To handle syntactic boundaries, which are troubles in communication, groups utilized models to create a common language for its group members to share knowledge. Having overcome the syntactic boundary, the group was able to challenge semantic problems. Semantic boundaries are differences in knowledge and specialization within the group members. In this case, models helped to translate the underlying problem, to stimulate shared understanding and acknowledgement of the member's interdependencies. The last problem encountered was the pragmatic boundary, which represented conflicts of interests generated after overcoming the previous mentioned boundaries. The utilization of model for pragmatic boundaries only provided help in the solution of one out of the two workshop cases. Yet in that group, models supported negotiations, alternatives to tackle problems collectively and to achieve shared interest (Franco, 2013).
Eventually, studies suggest that model-based problem-solving in groups provide a basis for better decision-making (Franco et al., 2016; White, 2016), as humans individually have limited rationality (Luoma, 2016). It therefore is apparent, that groups largely depend on models to finding agreements and acting better collectively.
Lastly, humans can utilize models in organizations to support decision-making. For this, Luoma (2016) examines organizations separately from individuals and groups, as he regards them as fundamentally different. The main difference lies in the fact that organizations are not unitary, but is a coalition of individuals and groups with deviating interests (Cyert & March, 1963). Therefore, although organizational decision-making provides externality by providing collective behavior, collective mind perspectives (White, 2016) and collective rationality (Luoma, 2016), the act itself cannot be undergone as easily as when individuals or groups come to agreement due to conflicts interest and individual objectives (Cyert & March, 1963).

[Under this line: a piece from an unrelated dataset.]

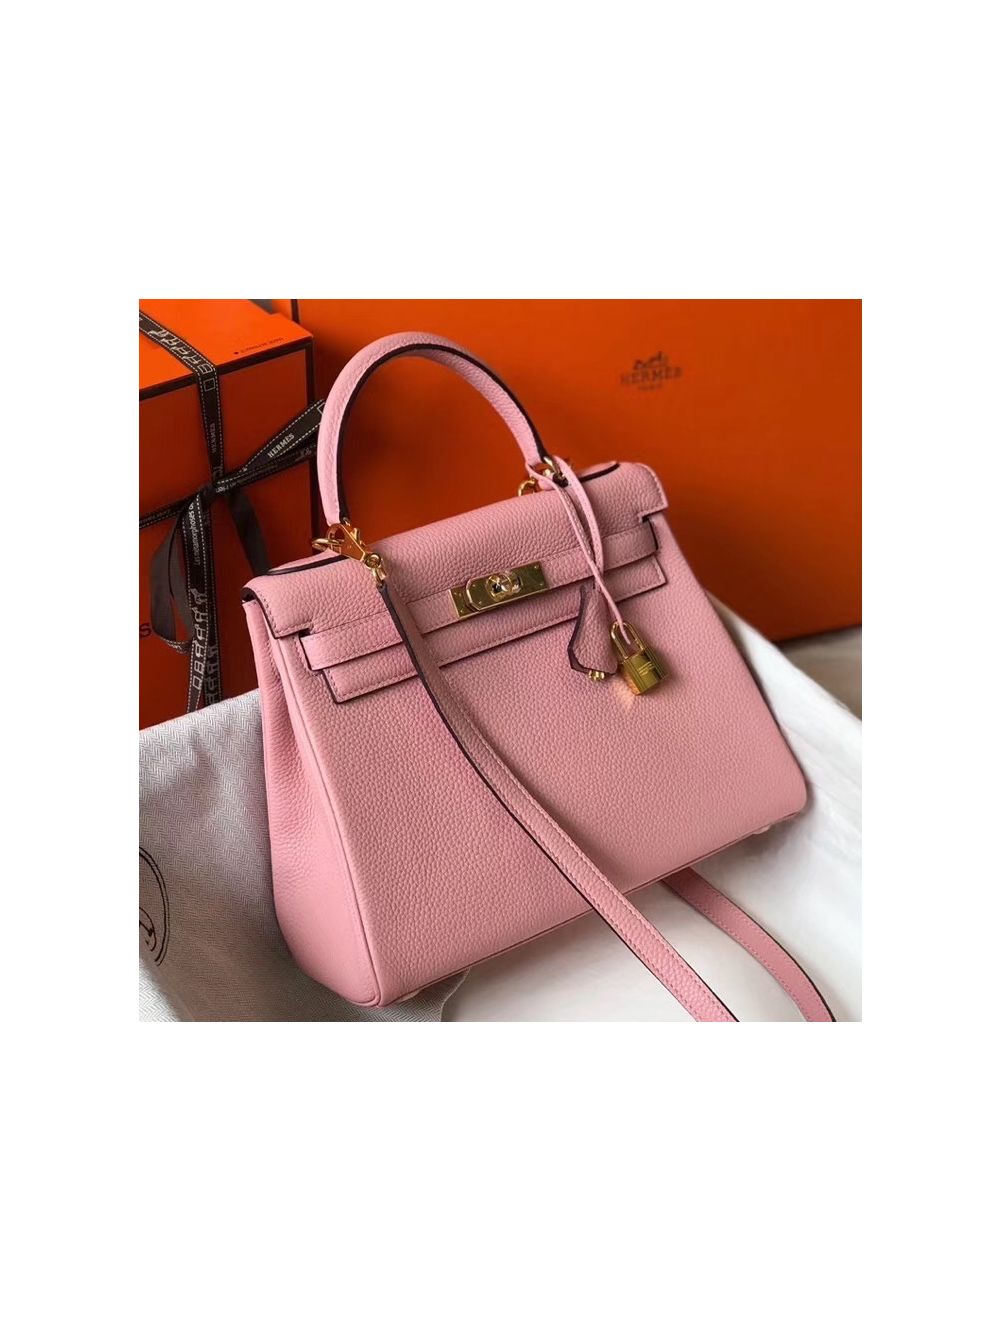 Replica Hermes Kelly 25cm Retourne Bag In Pink Clemence Leather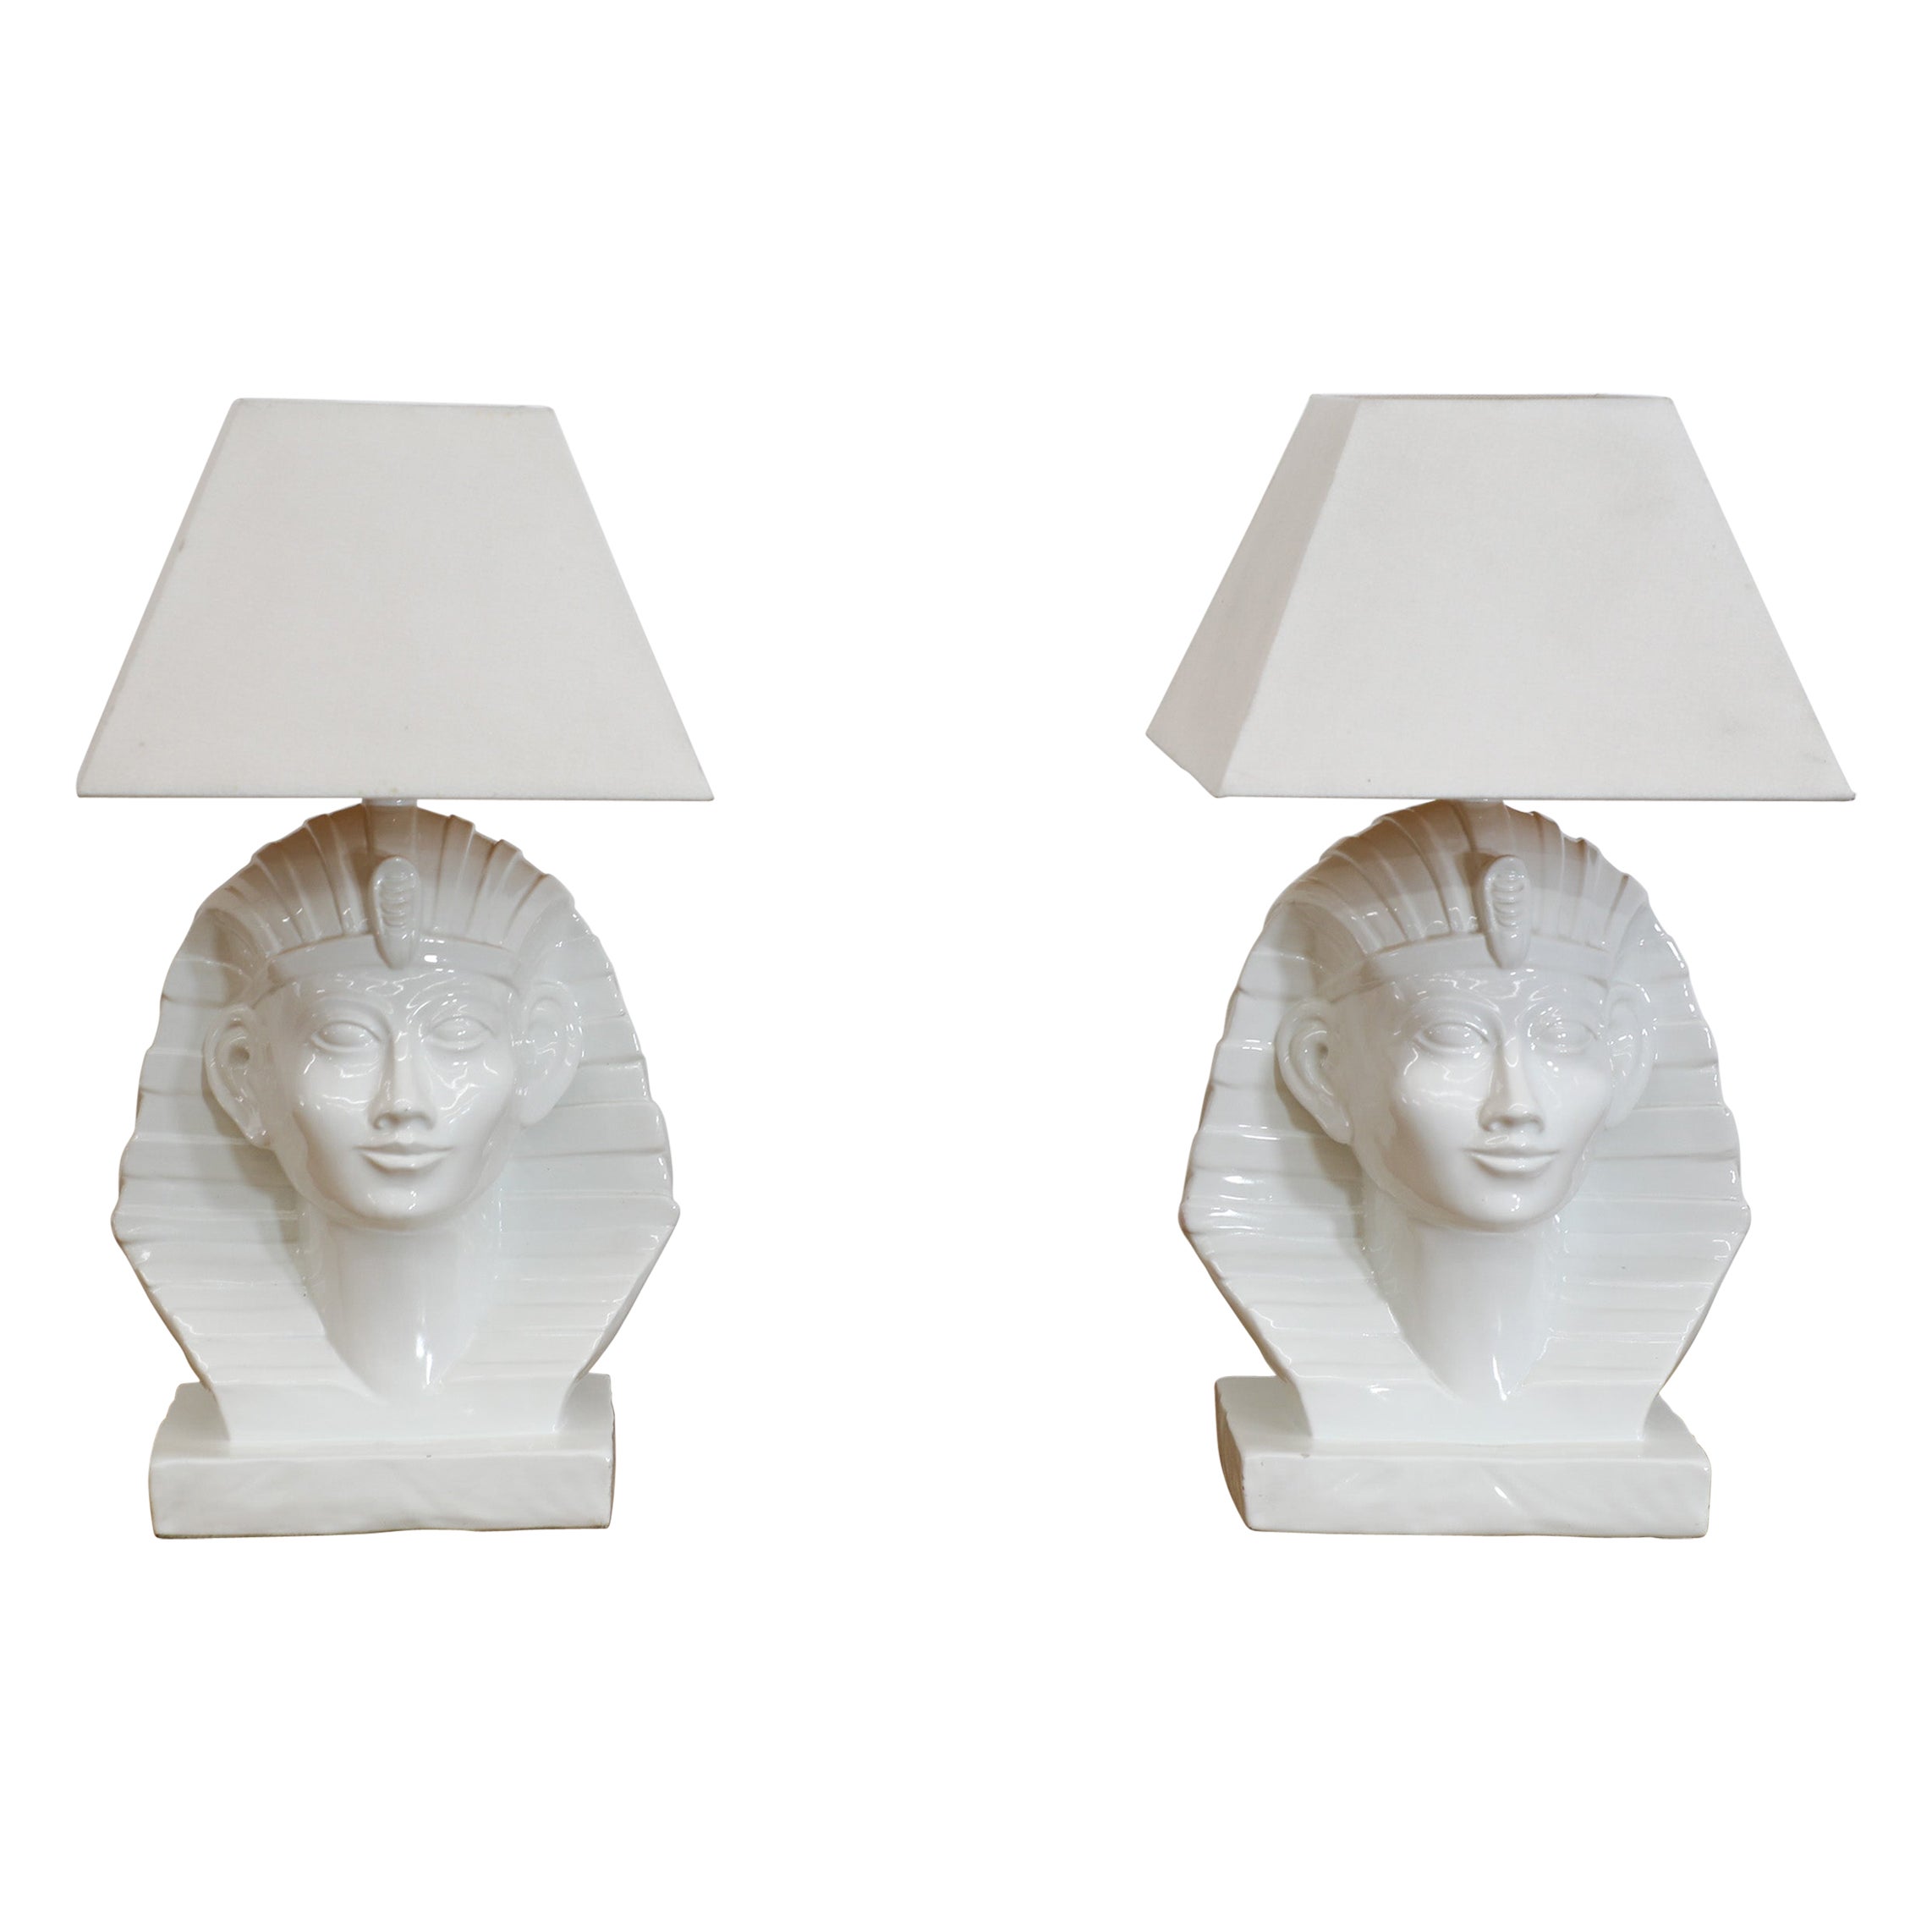 Pair of Ceramic Zaccagnini Style Egyptian Pharaoh Table Lamps

Another study has shown that through the application of models, organizational operations can in fact be improved (Pidd, 2004). Pidd's study suggests that the utilization of models in organizations hinge on two types of situations that need to be distinguished before decisions are made. Depending on the complexity of the underlying problem, the first situation requires models for routines and automation, the other case demands human interaction and thinking. Based on this differentiation, Luoma (2016) further examines the difference between these two situations as well as the different required model applications for decision-making. He identifies two models, one for routine decision-making and the other for problem-solving that should be applied to underlying two situations.
The model for routine decision-making is found in organizational situations that are reoccurring. Decision-making procedures and frames are pre-established so that there is no need to constantly reflect upon the problem and model used for this process. Routines are deemed to be more favorable as they bring stability into the organization (Cyert & March, 1963) and enhance efficiency, accuracy and predictability of decision-making (Luoma, 2016). Therefore, models for routine decision-making are designed for the application of simple reoccurring decision-making processes within an organization, enhancing its operations. Yet, routines may cause limitations. Through the application of the same models, these processes could lead to narrow problem framings and failures as they do not allow to recognize that changing models are required as circumstances and situations evolve (Luoma 2016).
Routine decision-making fails, when circumstances of a situation become a novelty that causes invalidity of existing decision-making procedures and frames (Pidd, 2004). According to Pidd, these situations require human interaction instead of automation, which means organizations need alternative models to overcome the problem. For these types of situations, Luoma (2016) uses the term models for problem-solving to cope with situations demanding human interaction and more cognitive effort. As novelties in situations require more cognitive efforts in comparison to routine decision-making, they are susceptible to errors due to the lack of existing experience (Mingers, 2011). This problem becomes serious, if the individual users of models for problem-solving within the organization do not have the knowledge gained from creating the model (Monks et al., 2014) to doubt and challenge the outcome of models.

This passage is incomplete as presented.